ALC may be performed in order to predict levodopa chronic responsiveness and hence to help differentiating PD patients from patients affected by other parkinsonisms. Currently, PD diagnosis is clinical, assessed through diagnostic criteria whose accuracy ranges from 75% to 95%, depending on measures of accuracy adopted, age, disease duration and the expertise of the clinician[11]. Indeed, especially at early stages, PD can share clinical features with other parkinsonisms, particularly with MSA and PSP, and this can lead to misdiagnosis.

In our sample we found a suboptimal motor response at the ALC in PD patients. According to a previous study, amplitude of motor response may be suboptimal at the ALC in de novo PD patients who demonstrate a long-term levodopa responsiveness, showing an increment over time during chronic treatment [8]. On the other hand, a positive acute response to levodopa may be not specific for PD, being also observed in atypical parkinsonisms, particularly in MSA[12].

We evaluated the frequency of side effects during the ALC in PD and in different form of atypical parkinsonisms. To the best of our knowledge, only one study has explored the possible role of clinical intolerance to ALC in differentiating MSA from PD. Authors reported a higher even if not significant frequency of side effect among patients affected by MSA with respect to PD patients (80% and 55.9% respectively).
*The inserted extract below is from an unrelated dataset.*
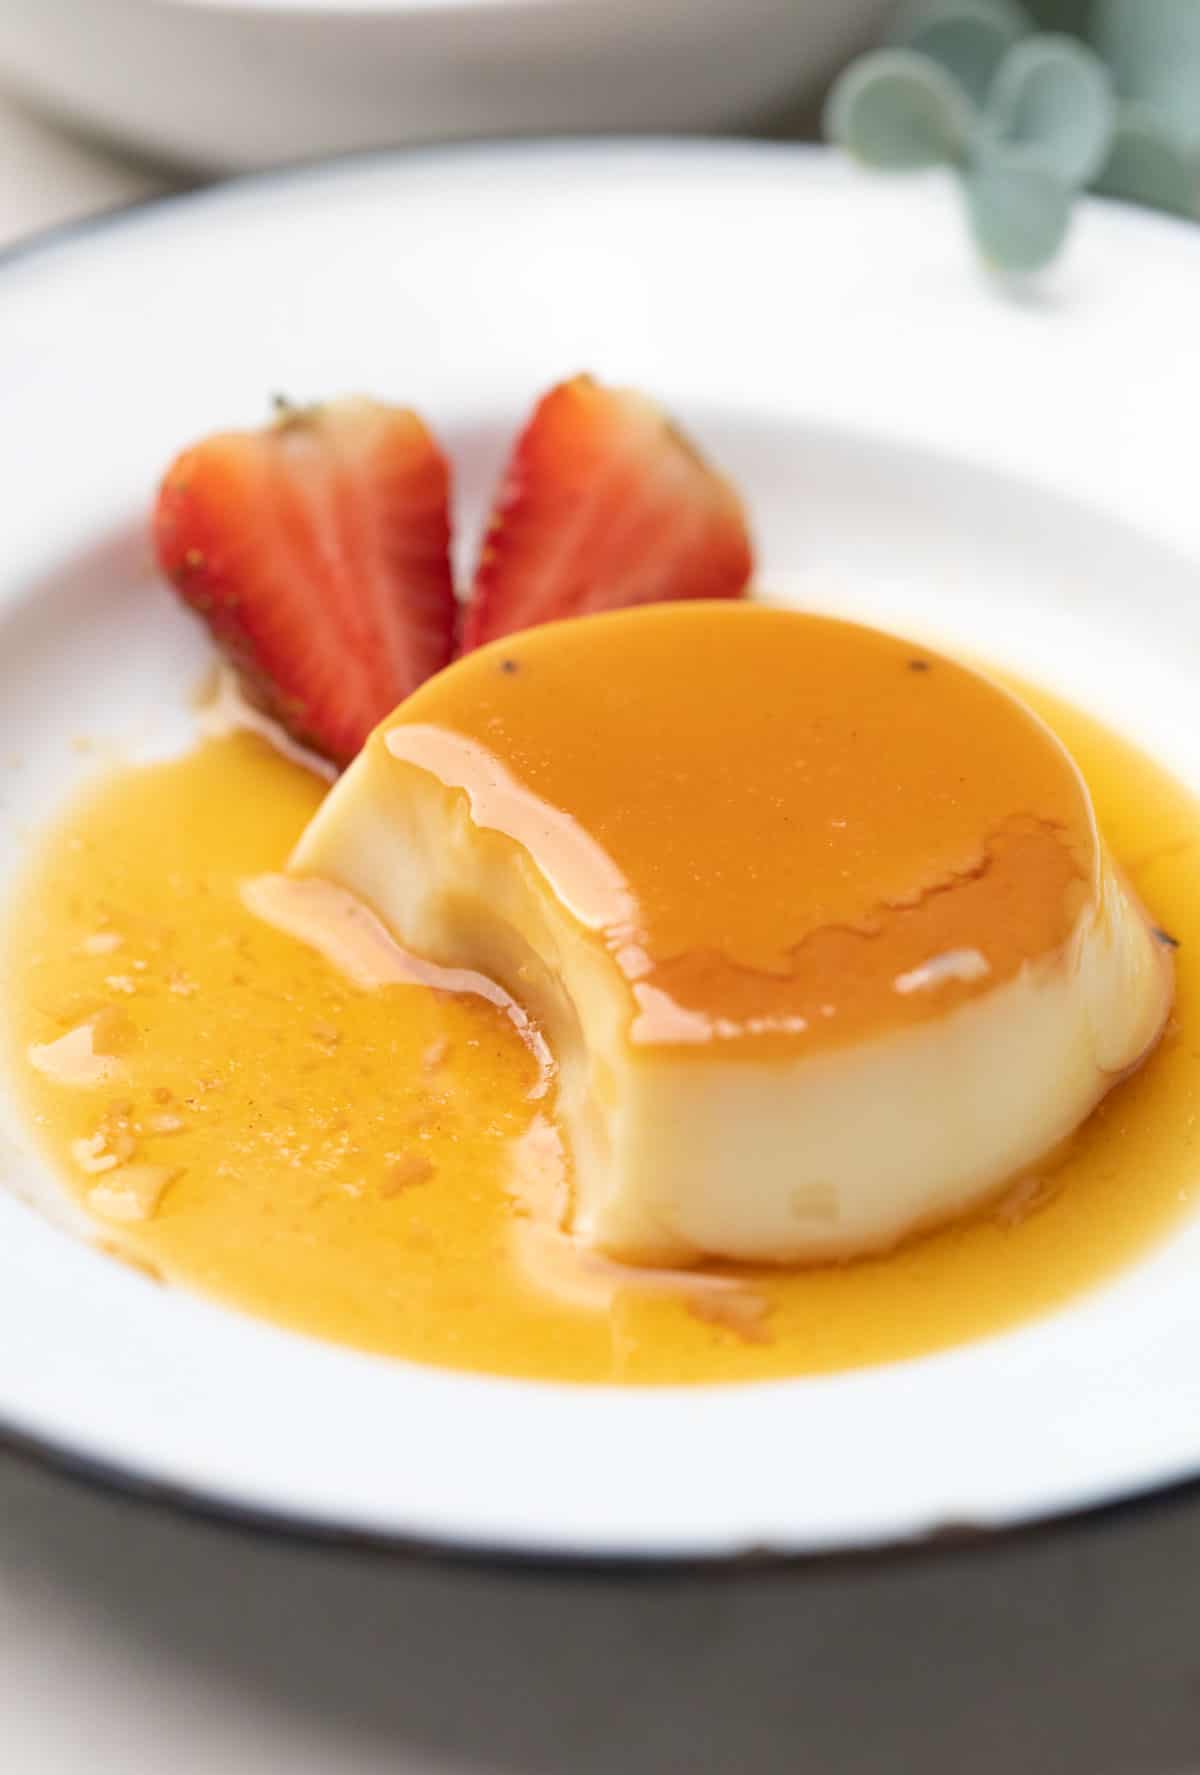 caramel cusstard served on a white plate with strawberries on the side.

Nonetheless, the small size of the samples (a total of 5 MSA) limits the interpretation of the results.[13]

In our sample atypical parkinsonisms showed a significant five fold increased risk to develop side effects during ALC. Demographic and clinical characteristics were not significantly associated with the presence of side effect with the exception, as expected, of the amplitude of motor response that showed a borderline significant negative association at univariate analysis. Considering the different form of atypical parkinsonisms, MSA showed the highest frequency of side effect during the levodopa test (90%); incidence of side effects among PSP and CBD was about double respect to PD patients, even if such a difference was not significant probably due to a lack of power related to the low number of cases.
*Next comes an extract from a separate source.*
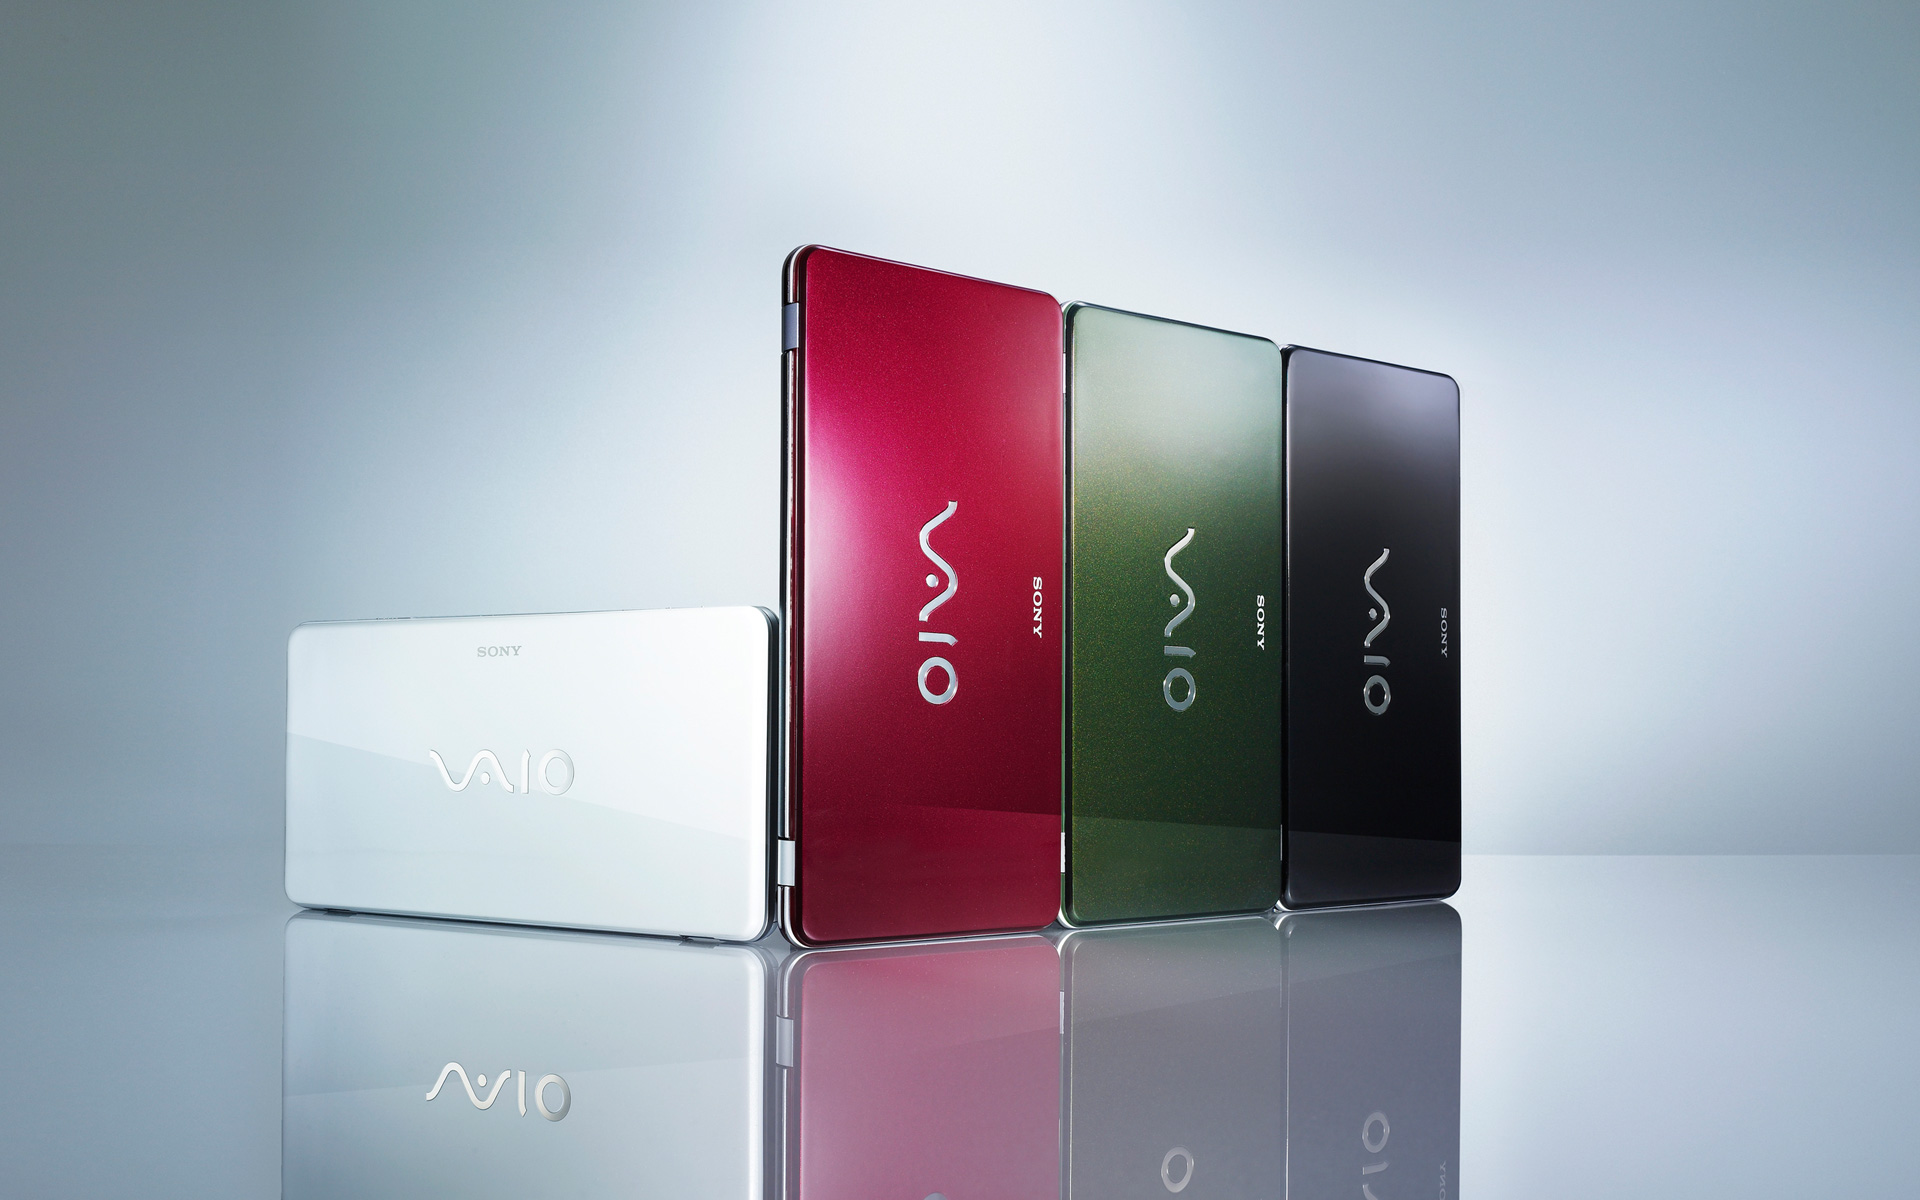 Sony Vaio Notebooks Wallpapers Wallpapers Hd

We have not a clear explanation for the higher frequency of side effects among atypical parkinsonisms. The possible widespread degeneration involving different systems among atypical parkinsonisms or in some extent the higher responsiveness to levodopa could probably play a role, but, to the best of our knowledge, no experimental studies on animal model are available in literature in order to provide evidence that could explain this observation. We are aware that the lack of plasmatic levodopa concentrations during the test could represent a limit in the interpretation of results. Since it has been shown that plasmatic levodopa levels do not correlate with efficacy on motor symptoms[9], it could be hypothesized that neither the occurrence of side effects does. At any rate, a different levodopa pharmacokynetics in atypical parkinsonisms cannot be excluded.
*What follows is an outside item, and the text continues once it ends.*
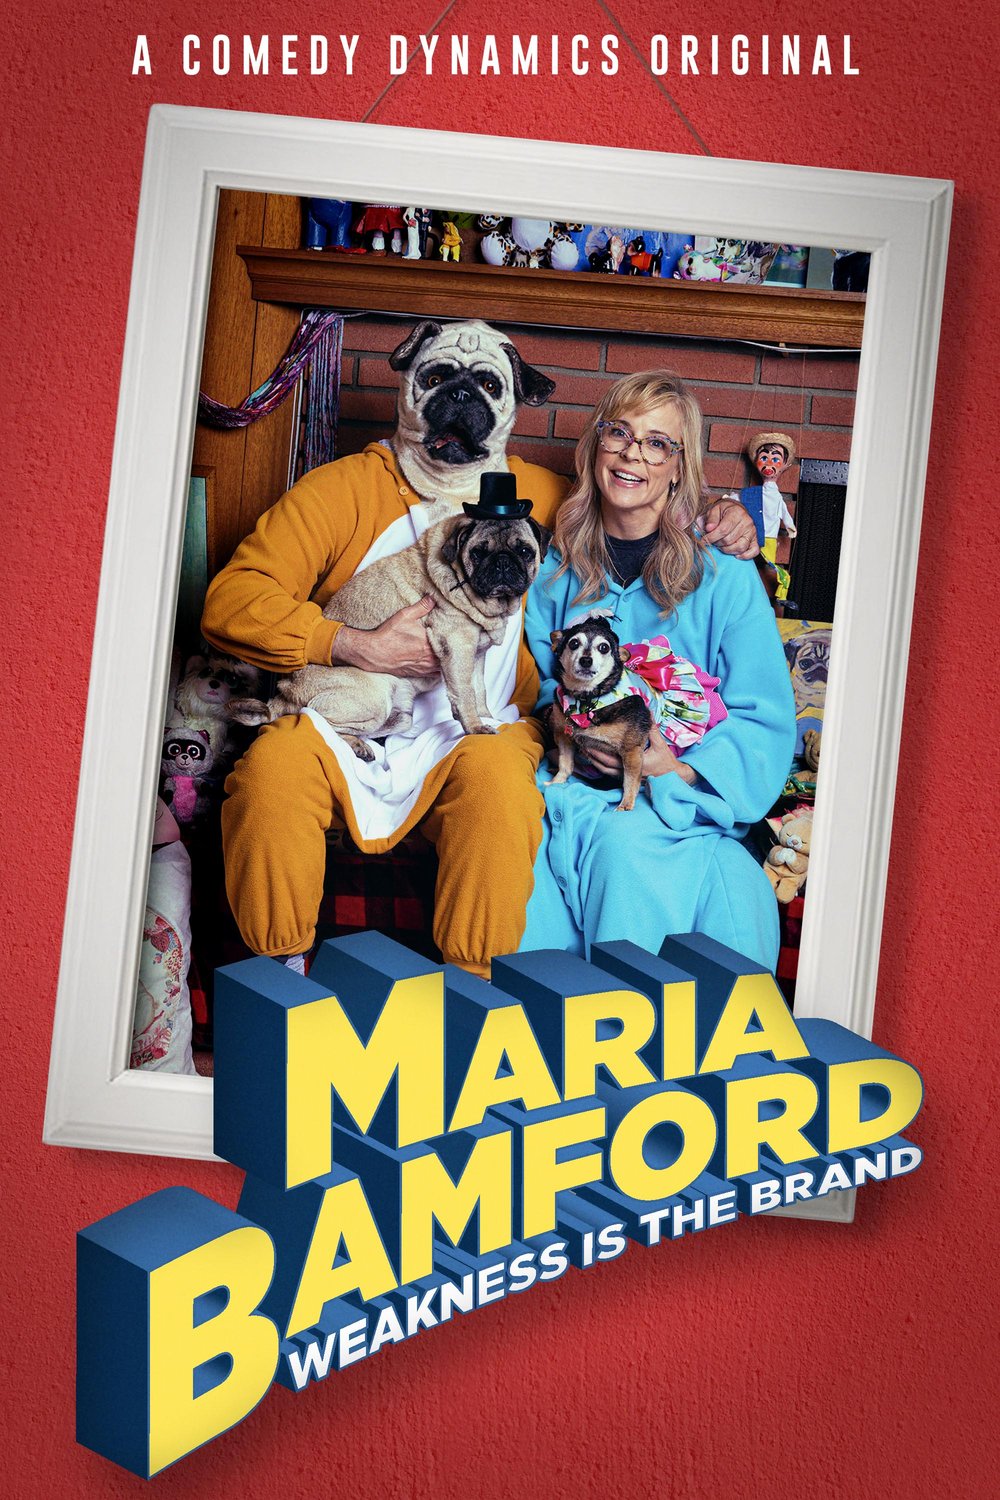 L'affiche du film Maria Bamford: Weakness Is the Brand

In conclusion, we believe that the more frequent occurrence of side effects during ALC among atypical parkinsonisms observed in our study could represent an useful information in order to better prepare the patient to the test. Indeed, when atypical parkinsonism is suspected, precautions such as a more proper antiemetic pre-treatment or prevention of orthostatic hypotension could be taken, even if the lack of systematic information regarding chronic levodopa assumption did not allow us to assess whether the occurrence of side effects during ALC could predict chronic intolerance to levodopa. Furthermore, our results could represent an additional cue in the differential diagnosis of parkinsonisms. However, the small sample size of the study, mainly related to the low incidence of atypical parkinsonisms in the population, and the lack of a definitive autoptic diagnosis constitute important limits in the interpretation of the results. Future larger and multicenter studies are needed in order to better investigate this hypothesis.